Books of the Year 2012: Crime and thrillers
From art to sport, poetry to nature, travel to food, history to music: our writers select the best of the year’s books in a comprehensive guide to the highlights in every shade of the literary spectrum – except grey
Saturday 08 December 2012
Too many people who consume the crime genre persuade themselves of the dubious proposition: "I have a novel in me! Why shouldn't I be coining it like Patricia Cornwell or Mark Billingham?" And some of these wannabes do get published - hence the many dispiriting efforts clogging bookshelves. But rising effortlessly above all the by-the-numbers work this year have been several truly impressive novels.

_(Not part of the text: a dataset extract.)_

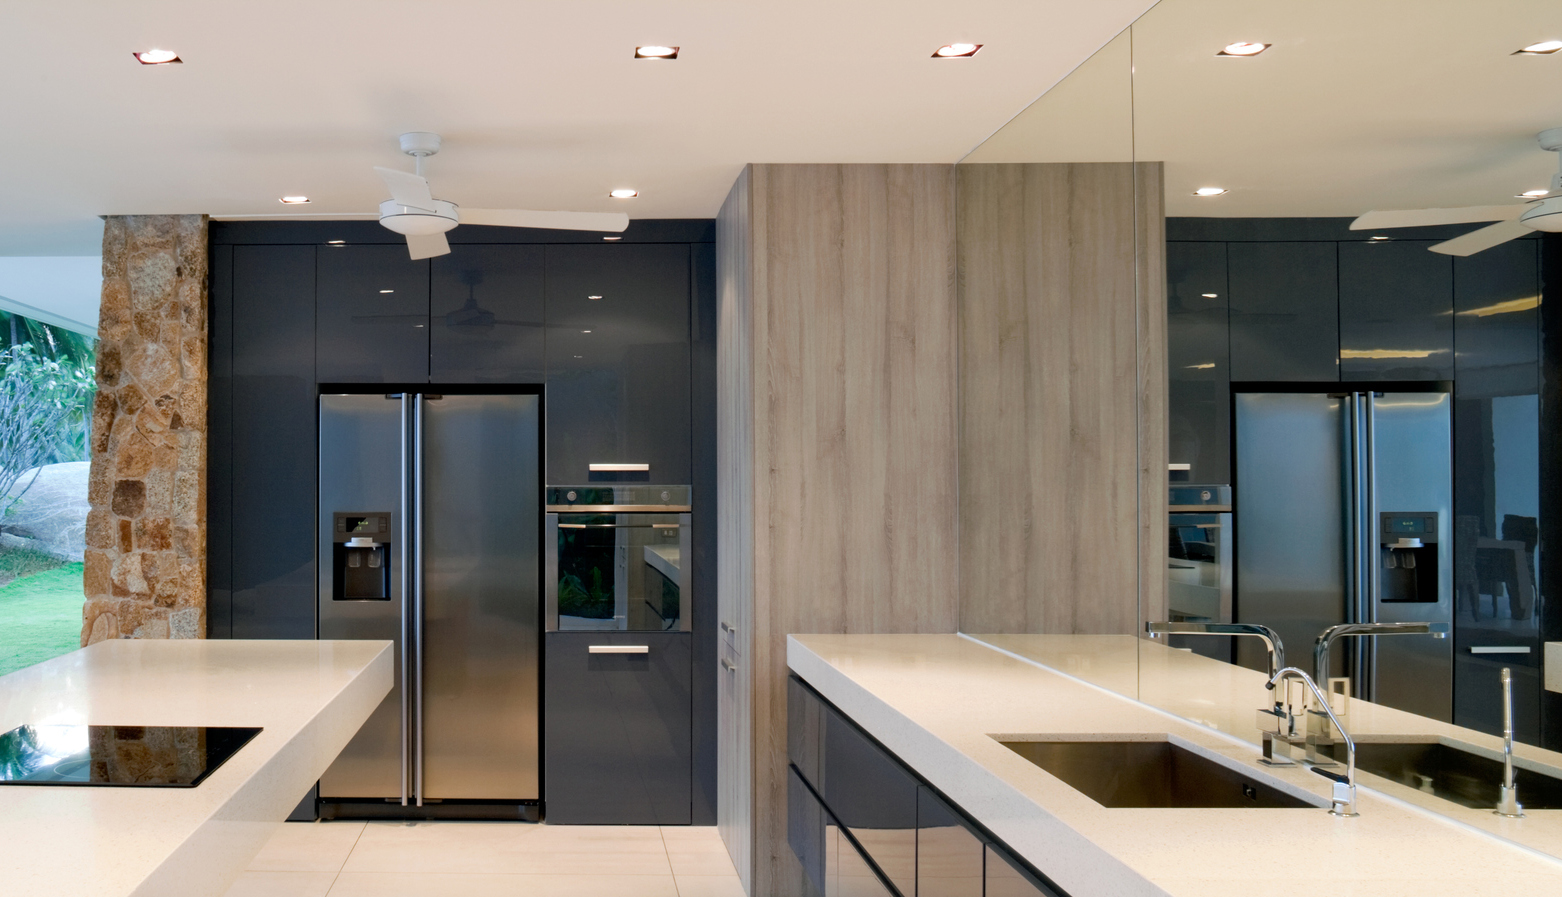 LED lighting in sleek modern kitchen

Attica Locke's debut Black Water Rising marked the American writer out as a socially committed crime writer of real acumen, and her follow-up The Cutting Season (Serpent's Tail, £14.99) is still a remarkably ambitious piece. Set in a Louisiana mansion, it takes on issues of race and history even as it functions on the thriller level. Similar ambition was to be found in Paulus Hochgatterer's The Mattress House (translated by Jamie Bulloch; MacLehose, £18.99), with dark doings in Austria as psychologically truthful as one might expect from this psychiatrist-cum-writer. Hochgatterer gives ammunition to those already whispering that the Next Big Thing in crime (after Scandinavia) may just be coming from… Austria and Germany.

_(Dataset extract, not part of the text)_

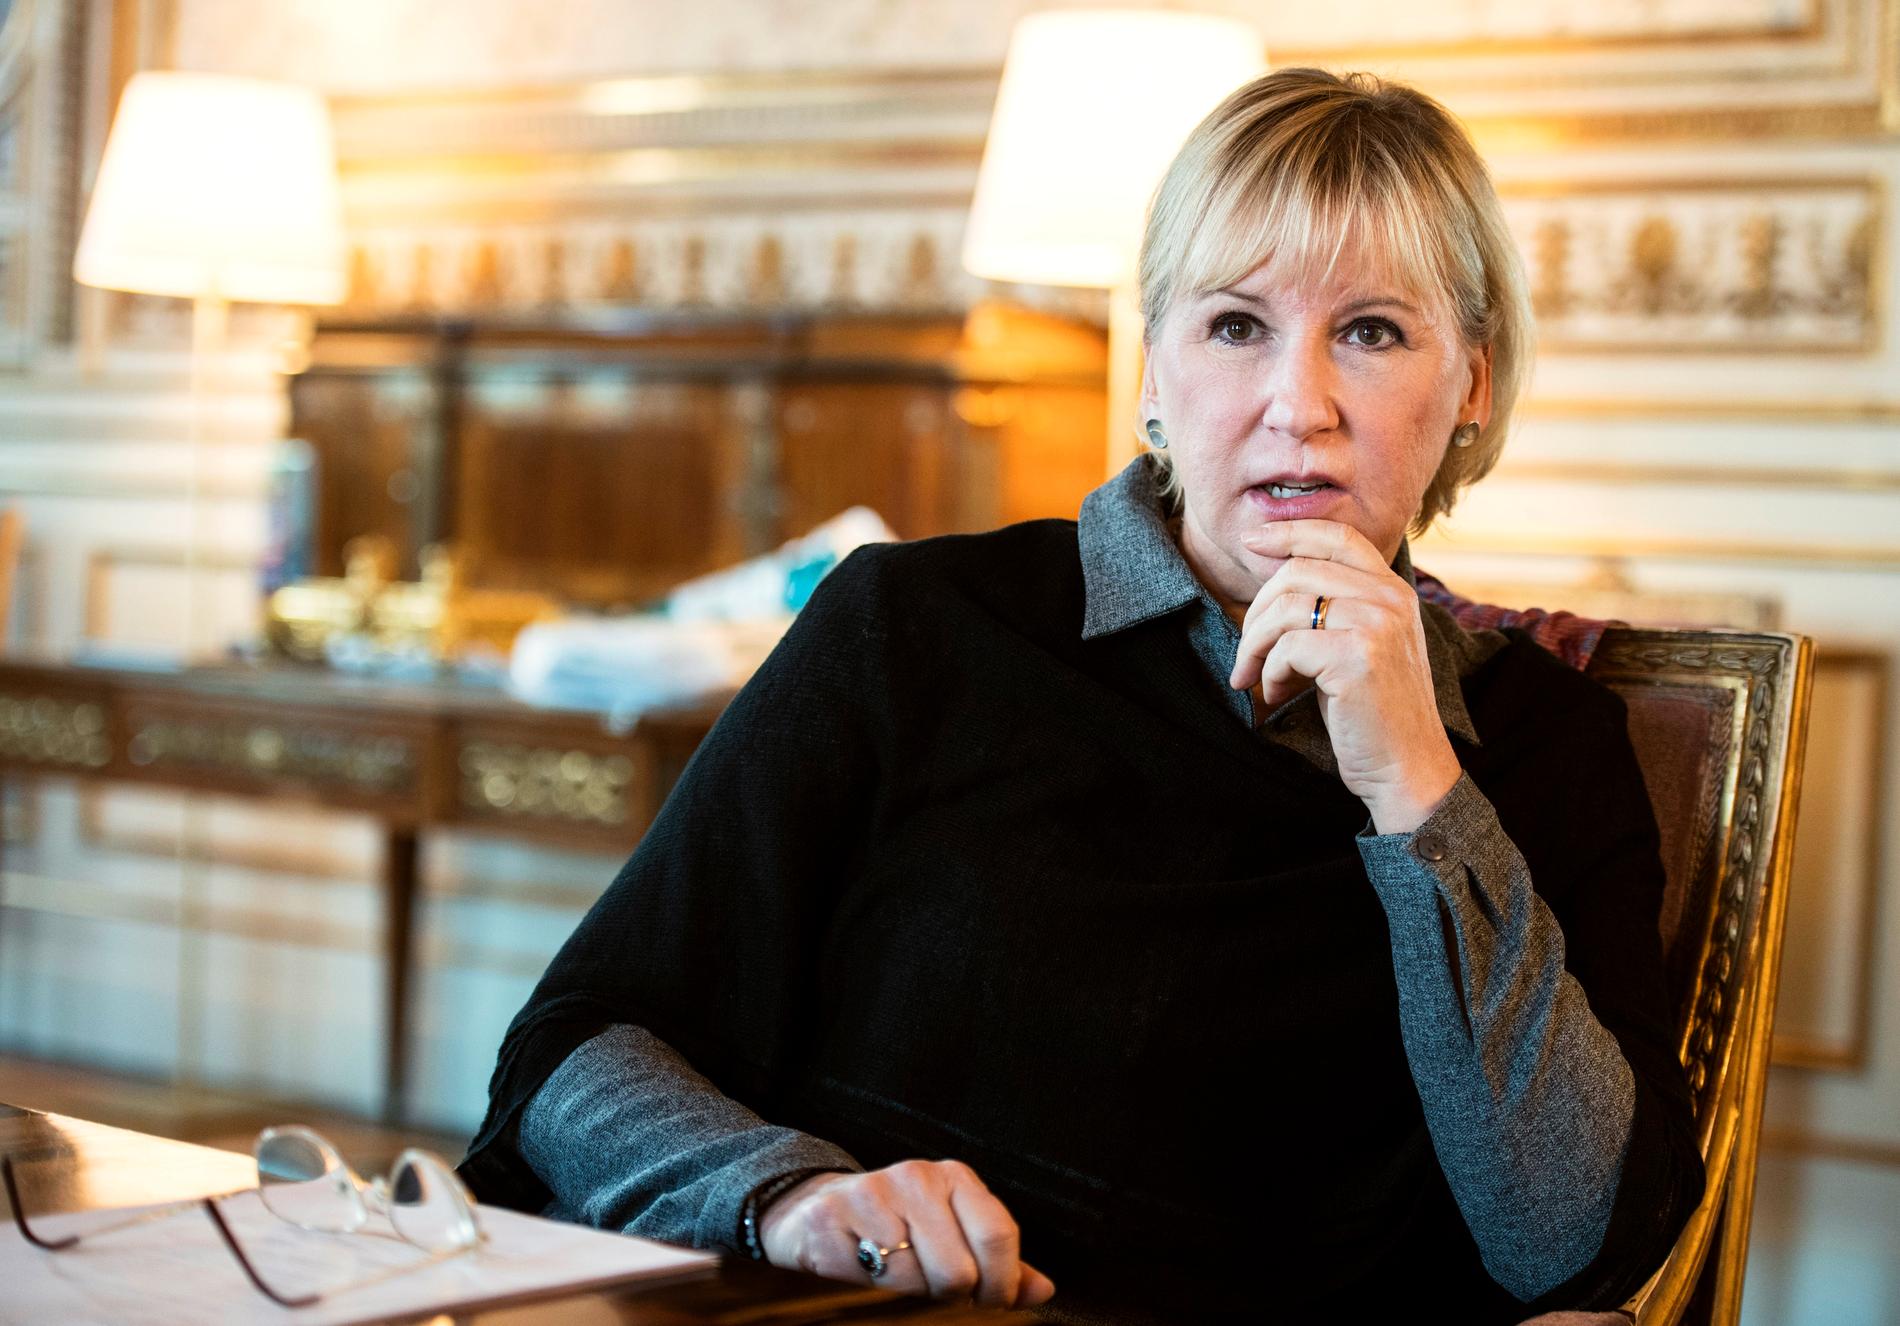 Sveriges utrikesminister Margot Wallström säger sig vara djupt bekymrad över beslutet.

If there are two common denominators to many choices here, they are: second novels in sequences that somehow manage to be as good as the first; and the evocation of setting. Both are true of Peter May's second novel set on the Isle of Lewis, The Lewis Man (Quercus, £7.99), which is every bit as atmospheric as his first, with the eponymous body buried in a peat bog unearthed by the villagers. Ex-policeman Fin Macleod (who has returned to his roots) takes on a complex mystery, and the whole narrative is bleak and mysterious.

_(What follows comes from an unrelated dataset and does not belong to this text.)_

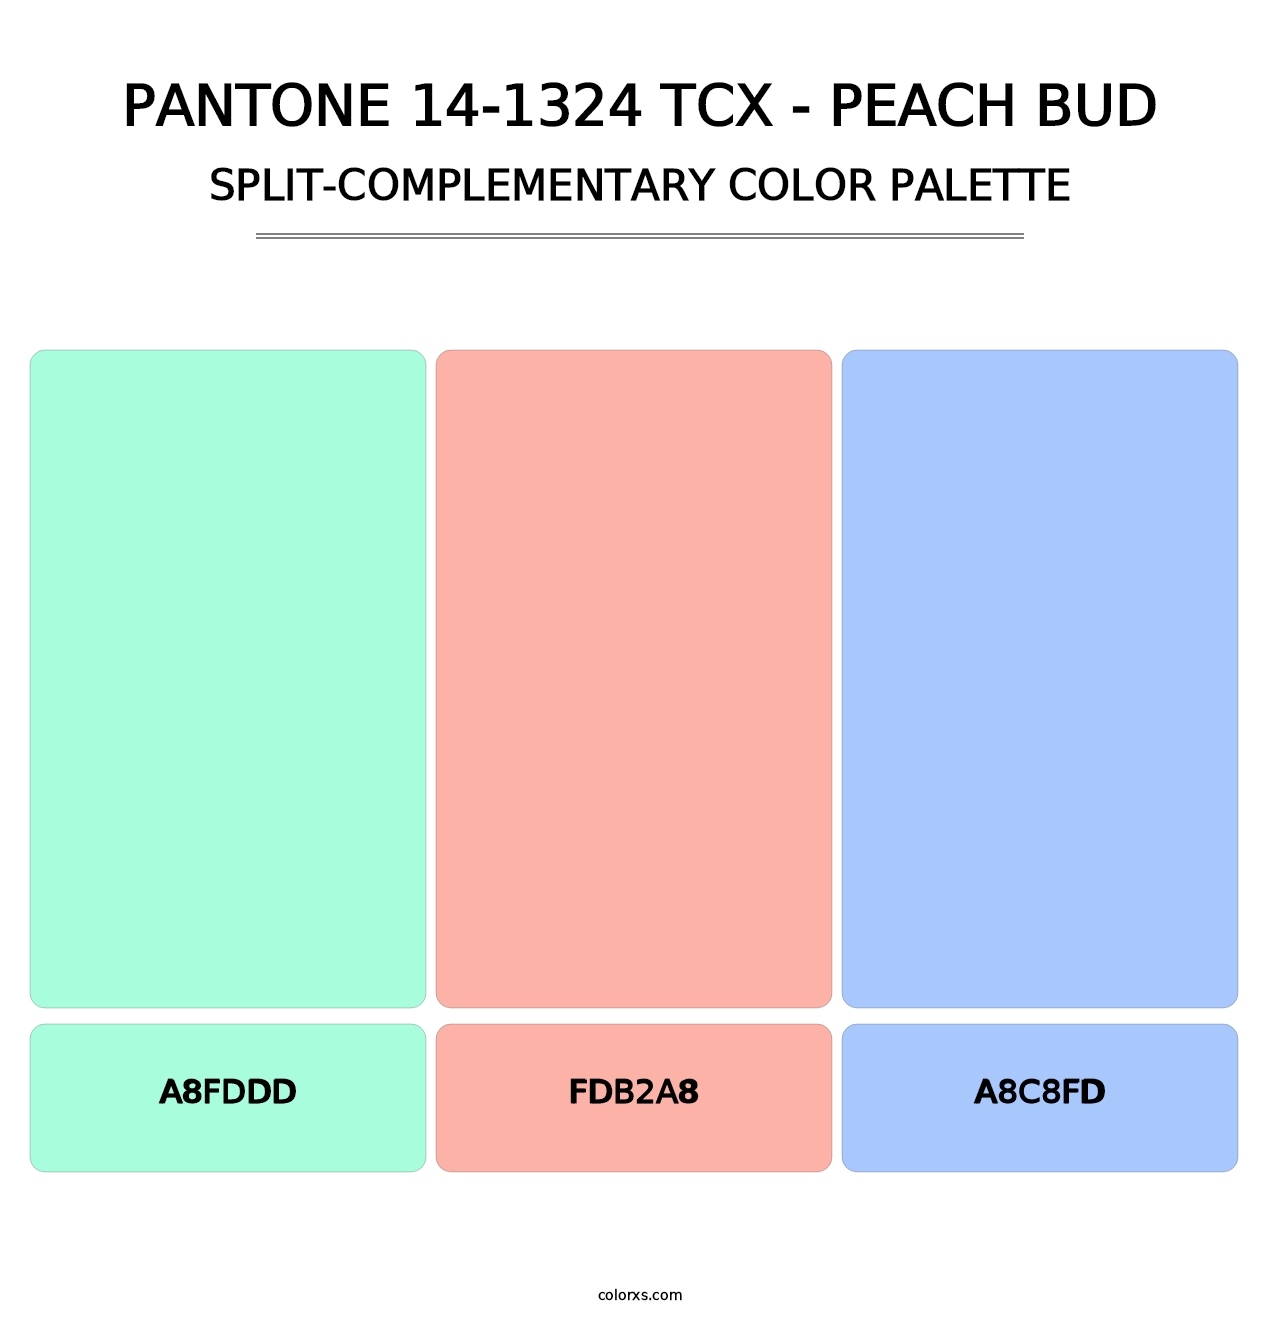 PANTONE 14-1324 TCX - Peach Bud - Split-Complementary Color Palette

Even before her first book appeared, Belinda Bauer had prompted an almost feverish word-of-mouth about just how good she was. But would Finders Keepers (Corgi, £6.99), successor to her ground-breaking Dark Side and Blacklands, continue her upward trajectory? No need for suspense: her vision of a dark and malign West Country in thrall to corruption and twisted psychopathology is quite as unsettling as its predecessors.
Any sniffiness about the fact that Gordon Ferris was a self-published author who parleyed internet success into hard-copy sales was quickly banished by the authority of his work, and Bitter Water (Corvus, £12.99), yet another second-in-a-sequence book of real distinction, takes us further into the conflicted life of his ex-soldier-cum-journalist Douglas Brodie. The time and setting (late-1940s Glasgow) is to be relished.
If readers groaned at the appearance of yet another vulnerable, out-of-her-depth heroine with the first outing for M R Hall's coroner Jenny Cooper, misgivings were banished by the time of her fourth case in The Flight (Mantle, £12.99), where surrender to Hall's protagonist was complete. Here, Jenny investigates the mystery behind a plane crash in the Severn Estuary. Finally, a master on vintage form: Deon Meyer, with the urgent and angry 7 Days (translated by KL Seegers; Hodder & Stoughton, £18.99), which reminds us that he is a defining novelist of modern South Africa.
Barry Forshaw's latest book is 'British Crime Film' (Palgrave Macmillan)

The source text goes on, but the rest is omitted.